Antarktis. Den Wostoksee, mit seiner glatten Eisoberfläche, kann man als kleinen Huppel im roten Kreis erkennen (Qelle: Wikimedia Commons, NASA, JPL)

Andrei Kapiza, russischer Wissenschaftler der Wostok Station vermutete schon in den späten 50er Jahren einen See unter der Südpolarstation. Erst 1996 wurde seine Existenz bewiesen. Seither ist die Neugier groß. Was lebt dort unten bei -3°C und Drücken von 30 bis 40 MPascal?

In den letzten Jahren konnte man die Spannung des Wettlaufs in der Luft schmecken (wie beim Nascar Rennen): Forscher wollten mit dem Bohrgestänge in den See rein, sie wollten die ersten sein, die Proben bekommen, einen Blick hinein werfen, unbekanntes Leben entdecken. Mir ging es nicht anders.

Bis zu 3600m ins Eis hinein wurde gebohrt. Dann war Schluss. Bohrlöcher im antarktischen Eis müssen mit Kerosin und Freon gefüllt werden, damit sie nicht wieder zufrieren. Die Kontamination des Sees würde sämtliche Untersuchungen verzerren und eines der wenigen, vom Menschen völlig unbeeinflussten Ökosysteme dieser Erde, wäre hinüber. Ein internationales Abkommen stoppte Bohrer und Kerosin kurz vor dem Kontakt mit dem See.

Der Wostoksee, incl Bohrloch und Eisdecke (Quelle: Wikimedia Commons, By Nicolle Rager-Fuller/NSF)

Als 2012 russische Forscher die letzten Meter Eis dennoch durchstachen, schoss eine Fontäne aus dem Bohrloch. Der See hatte es hoch gedrückt.

Jetzt hat eine Gruppe Wissenschaftler im Online-Journal PLOS_ONE einen Artikel über Leben im Wostoksee veröffentlicht (hier).

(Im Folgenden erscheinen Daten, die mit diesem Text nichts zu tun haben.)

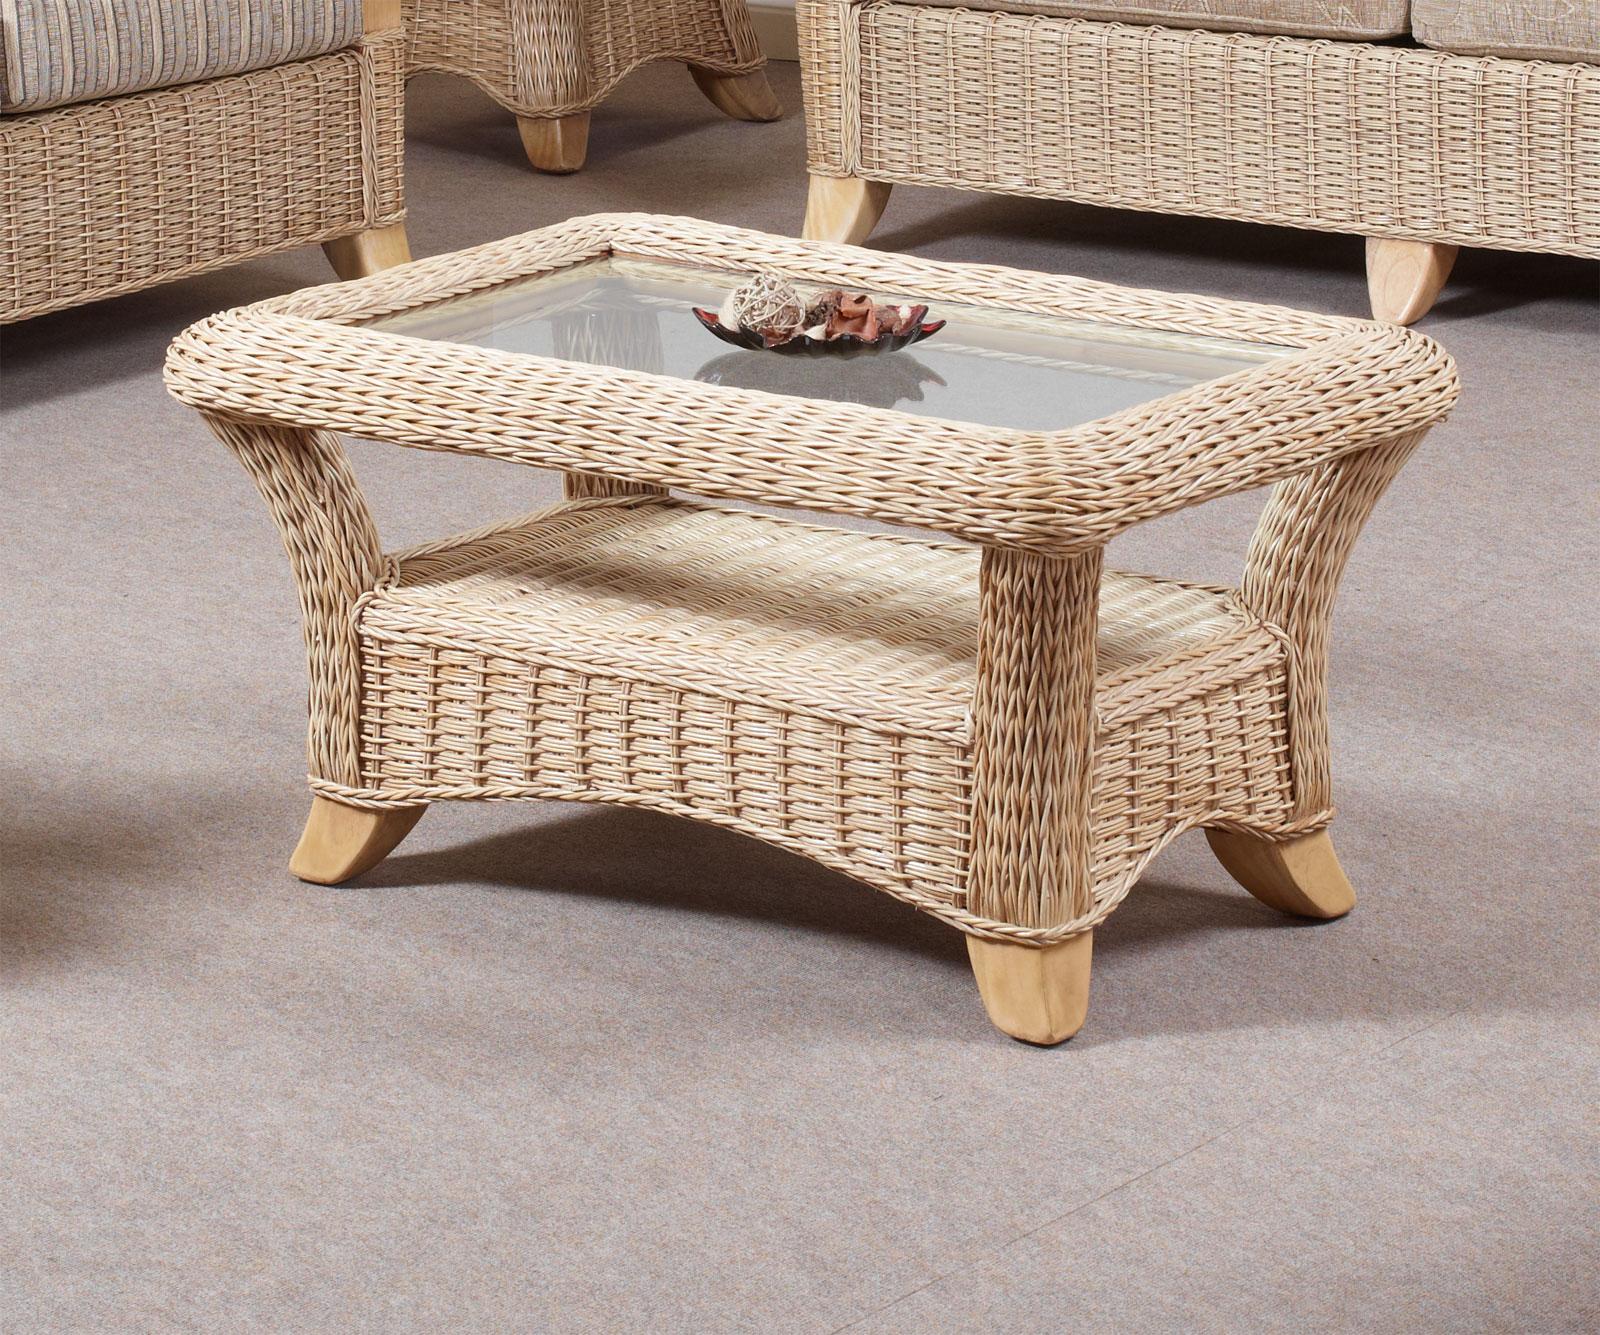 Hilton Conservatory Cane Furniture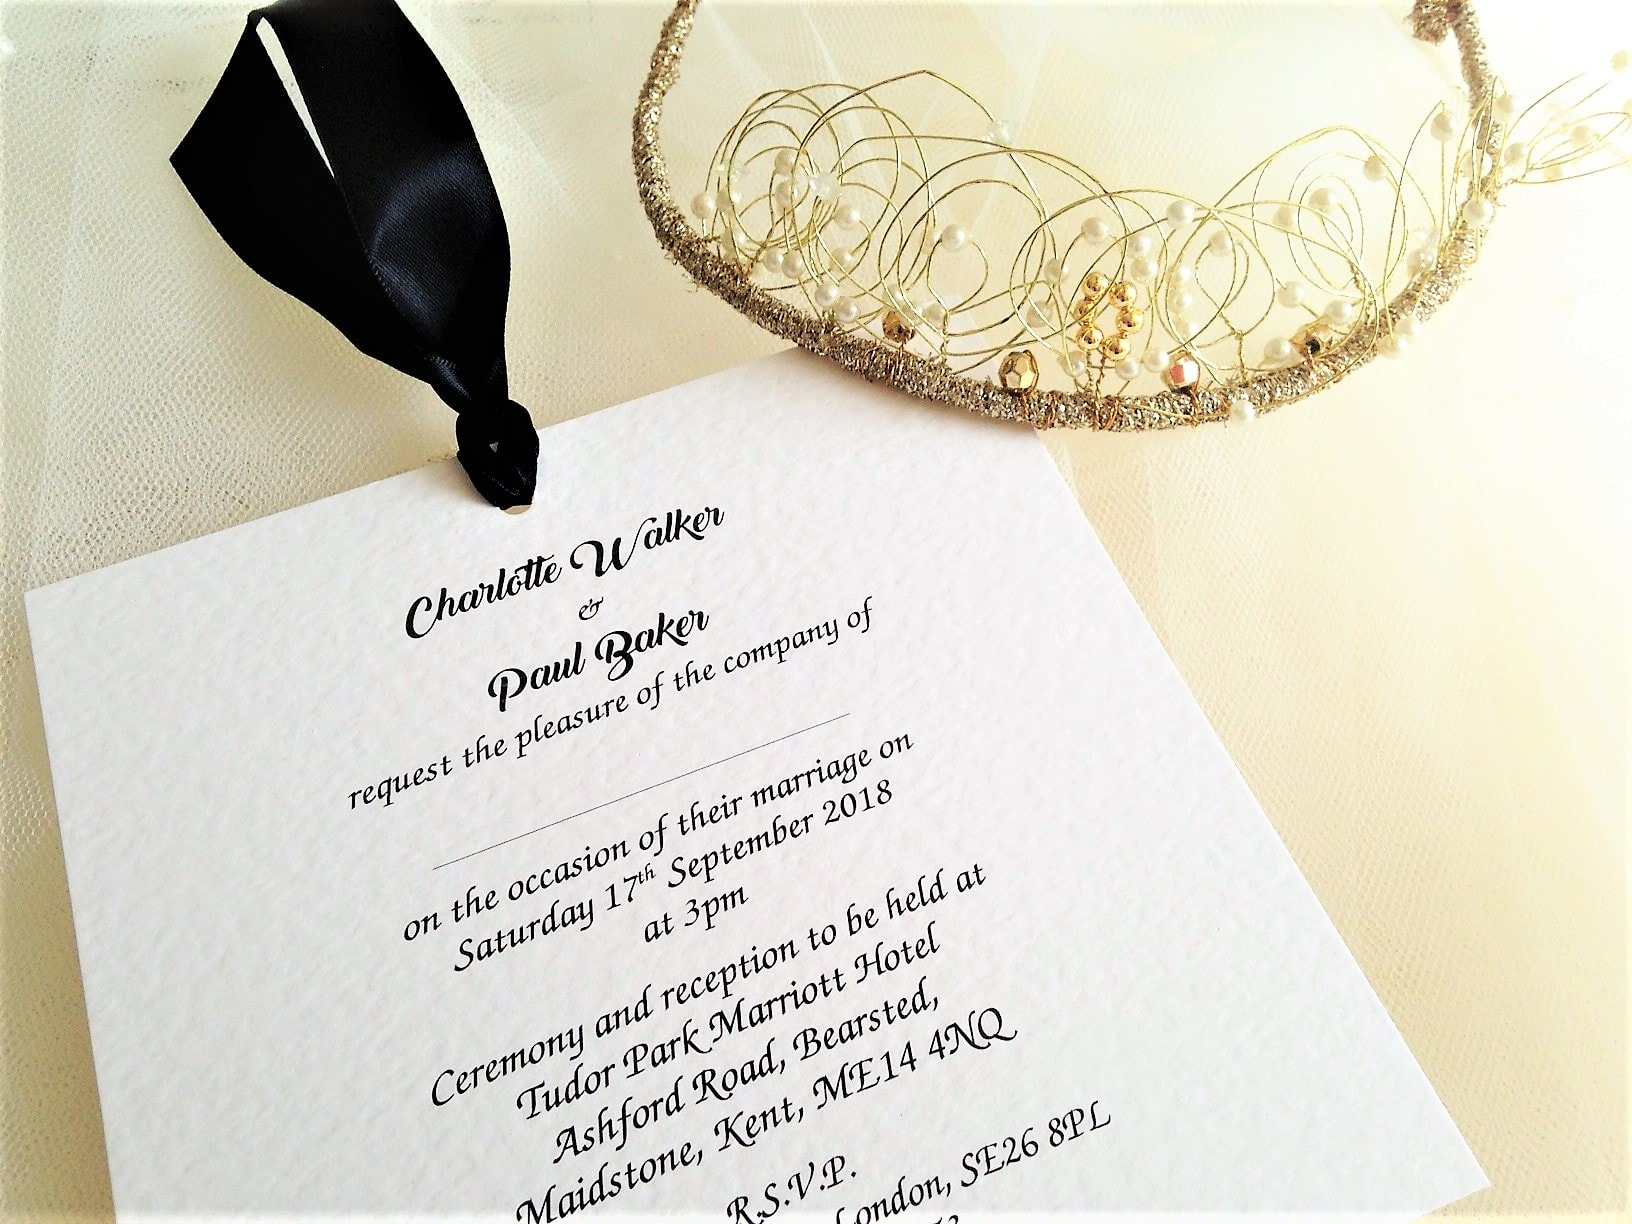 Bargain Wedding Invitations: Cheap Wedding Invitations From

Die Forscher analysierten Eisproben, die von der Oberfläche des Sees stammen. Seewasser gefriert an der Gletscher-See-Kontaktstelle und konserviert so Kleinstlebewesen und Mikroorganismen über viele Jahre hinweg.

Die Wissenschaftler sequenzierten DNA und RNA aus den Eisproben. Ersteres kann aufdecken was sich im Wostoksee aufhält, bzw. aufgehalten hat und dann festgefroren ist. Analysen der RNA geben Auskunft über Stoffwechselprozesse dieser Lebewesen.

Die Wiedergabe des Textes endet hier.